Restart Claude Desktop application, and you should now be able to ask Claude to interact with Unstructured. 

You should see a tiny hammer icon indicating how many tools you have available: 

Now you can use what you built: 

Type in your requests, questions, or instructions and you are ready to go!

Best Practices

  • When you're working with FastMCP, it's a good idea to take full advantage of its built-in context management—it really helps organize your code. 

  • When it comes to organizing your code, a modular design is the way to go. Keep your connectors in separate modules so everything is more manageable and reusable. Keep your tools focused on one task to keep things simple and easy to maintain. 

  • Don’t forget to validate inputs to make sure no harmful data gets through, and always be careful with sensitive data to ensure it's handled securely at every stage of your app.

Conclusion

Building an MCP server with the Unstructured API unlocks a powerful new way to preprocess unstructured data for GenAI applications. By leveraging MCP, you can seamlessly integrate Unstructured’s document processing capabilities into Claude Desktop, Cursor, Windsurf, or any other LLM-powered client. Instead of manually handling data transformations, you can simply tell your LLM what you need in natural language—bridging the gap between AI and enterprise-grade data processing.

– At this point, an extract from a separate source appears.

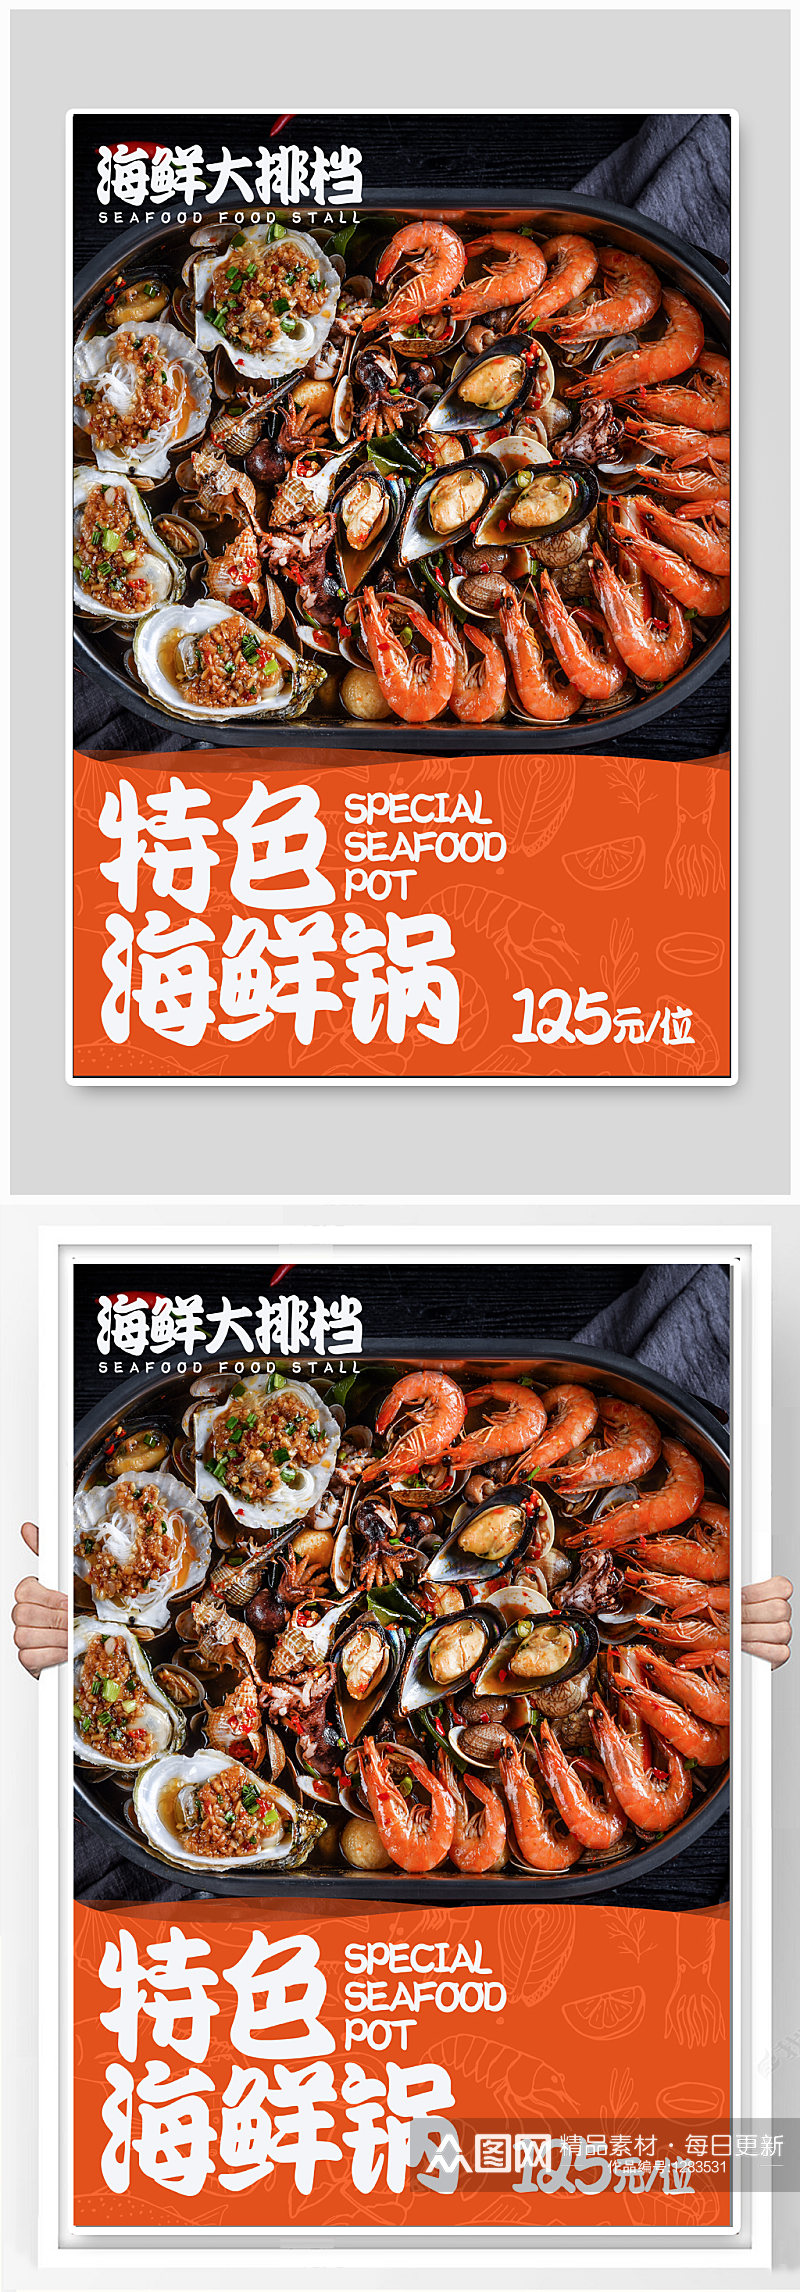 特色海鲜锅美食海报素材

If you're excited about this integration, we encourage you to build your own MCP server using the approach outlined in this guide. Whether you want to customize tools, expand workflows, or streamline how your LLM interacts with data, the possibilities are vast.

To get started, check out our GitHub repo, where we're actively developing an Unstructured MCP server. Use it as a reference, contribute, or adapt it for your own use cases.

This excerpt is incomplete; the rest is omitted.